# Definitive answer - 68 national HD channels?



## phrelin (Jan 18, 2007)

The November 26 edition of _Broadcasting & Cable _includes a list of national HD cable channels prepared by the trade publication's staff. They don't include broadcast networks. But they did include Dish's VOOM channels and the cable-owned Mojo channel. They don't make any reference to content.

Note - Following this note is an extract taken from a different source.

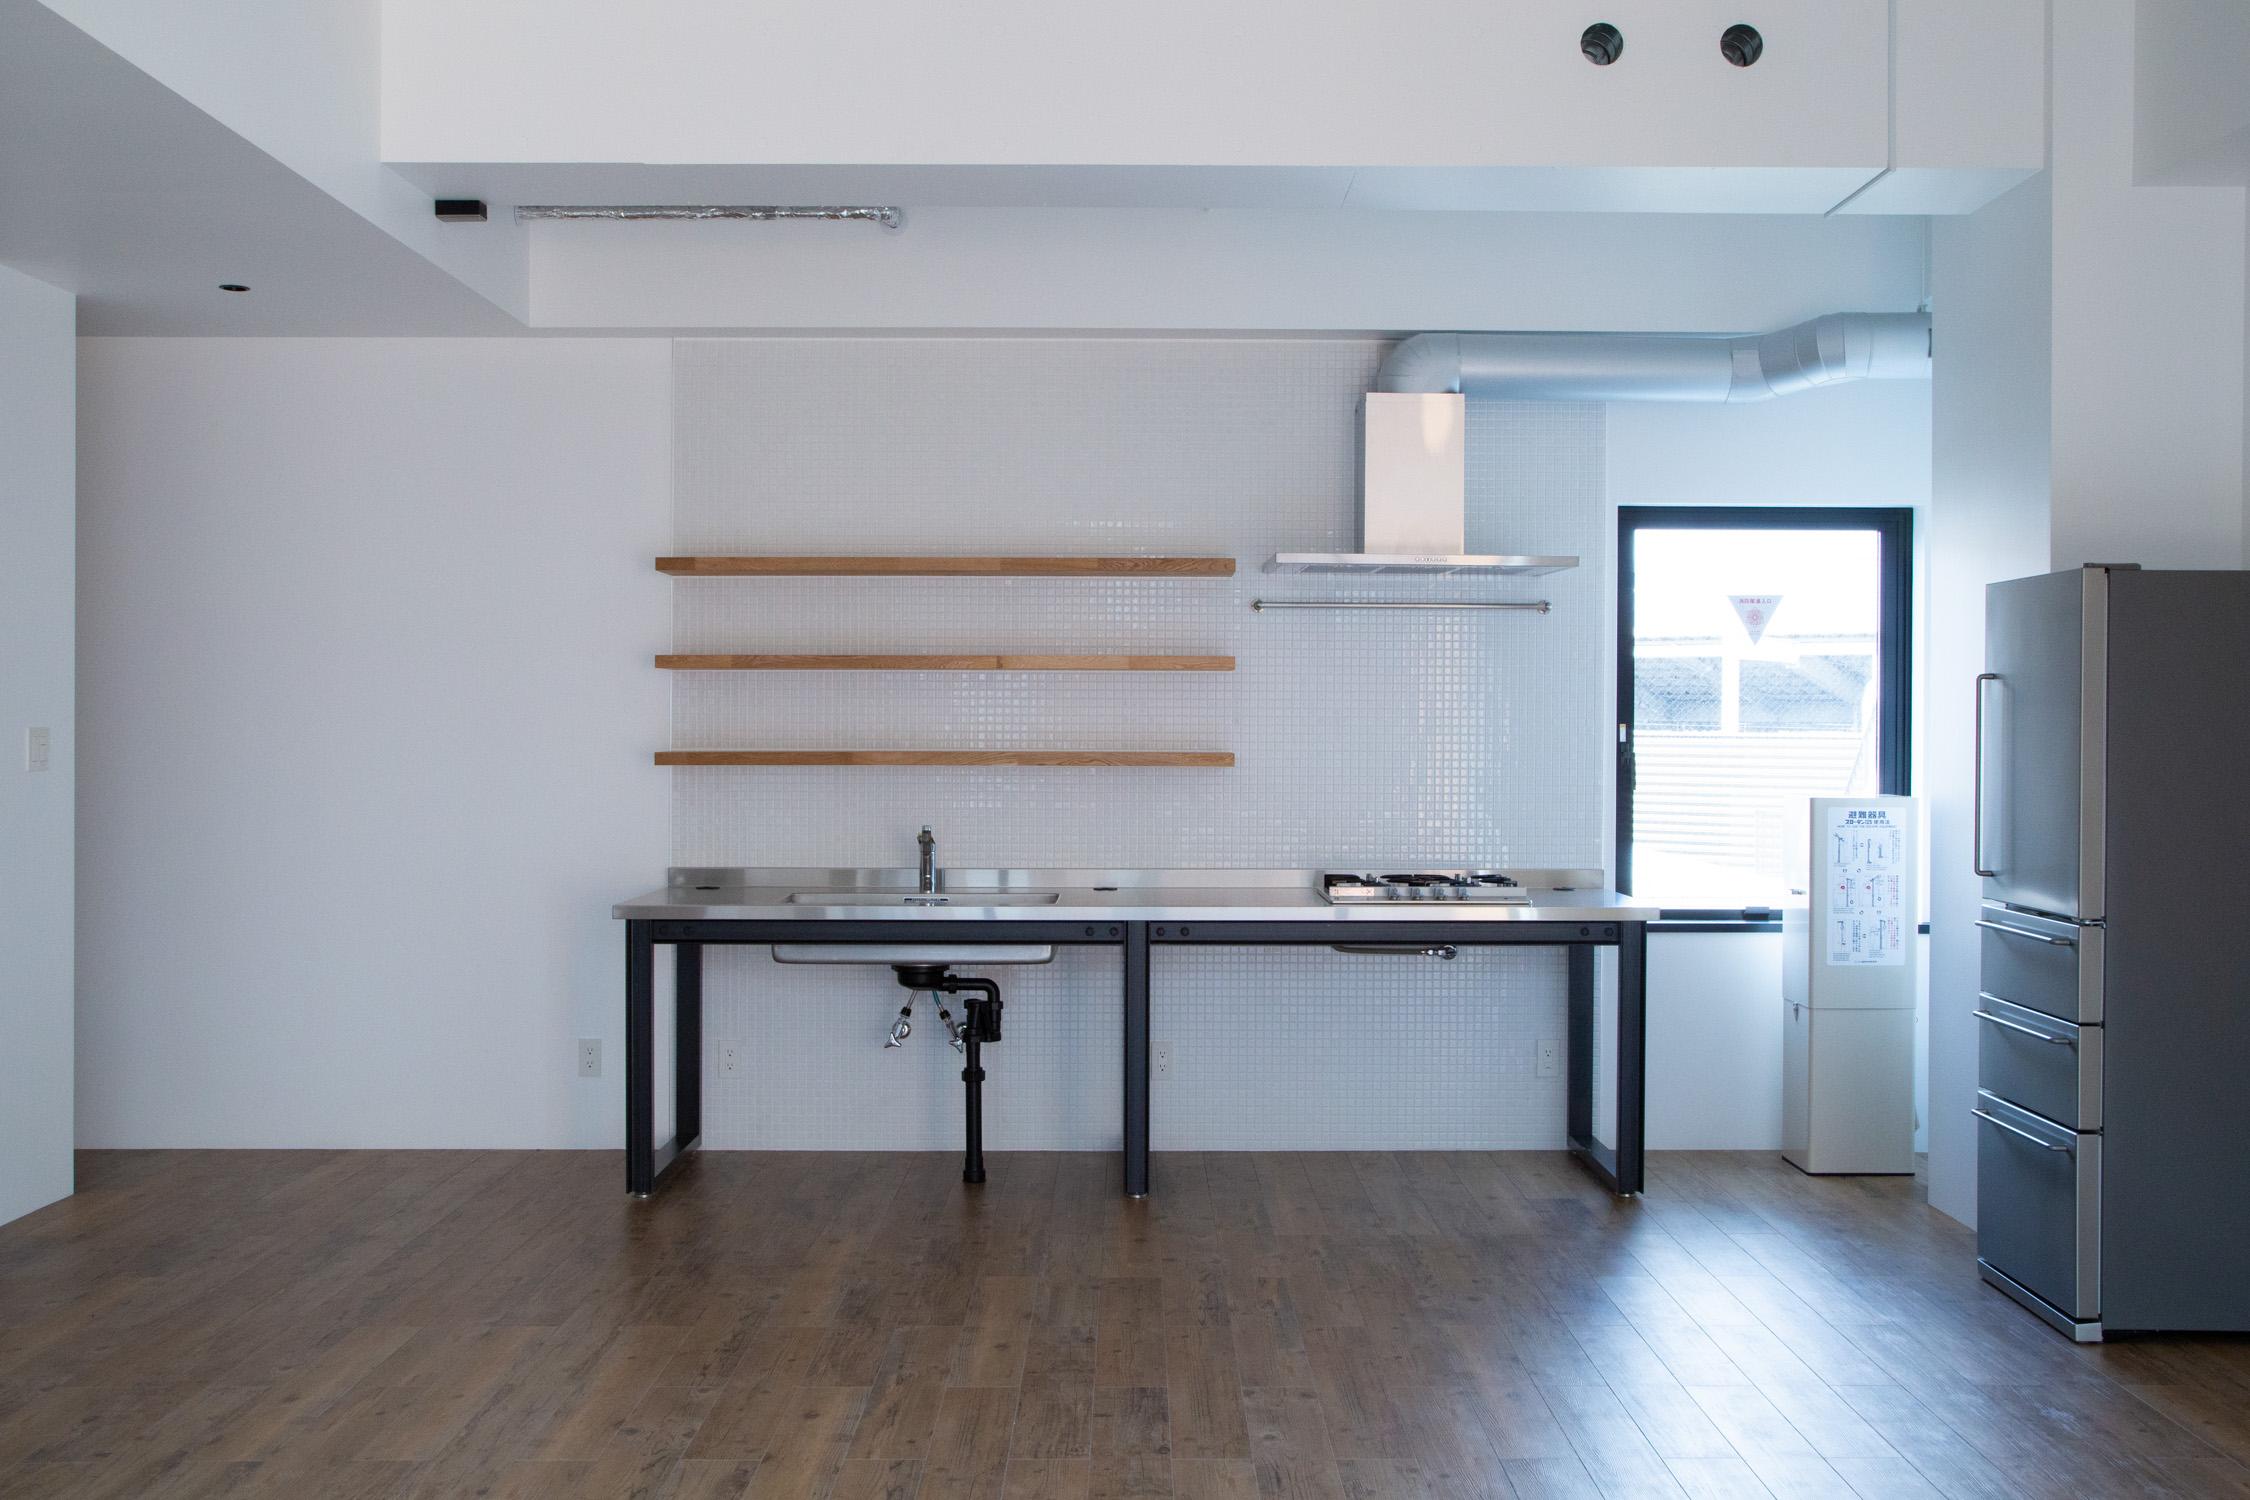 SPACE P - ライフスタイルをテーマにキッチンとバスルーム、リビングルームを完備

> Here's a list of what's out there:
> 
> Animal Planet HD
> Animania HD
> ...


Here's what the publication says about itself:



> For over 75 years Broadcasting & Cable has been the definitive news source on every aspect of the television industry: programming, finance, technology, regulatory and media trends.
> 
> Broadcasting & Cable covers the entire spectrum of broadcast, cable, satellite, telco, multimedia, broadband, and other emerging technologies, and is the single most reliable source of industry news and information available.
> 
> Broadcasting & Cable online (www.broadcastingcable.com) - the magazine's web site - provides breaking news, daily updates, blogs, podcasts, videos, user generated content, early previews of the print edition, a searchable database and hundreds of industry links.


----------



## P Smith (Jul 25, 2002)

Seems to me it's just advertising of the magazine.
We saw those counts/lists so many times already.


----------



## harsh (Jun 15, 2003)

Any list that claims Playboy HD and Spice HD is suspect.


----------



## phrelin (Jan 18, 2007)

harsh said:


> Any list that claims Playboy HD and Spice HD is suspect.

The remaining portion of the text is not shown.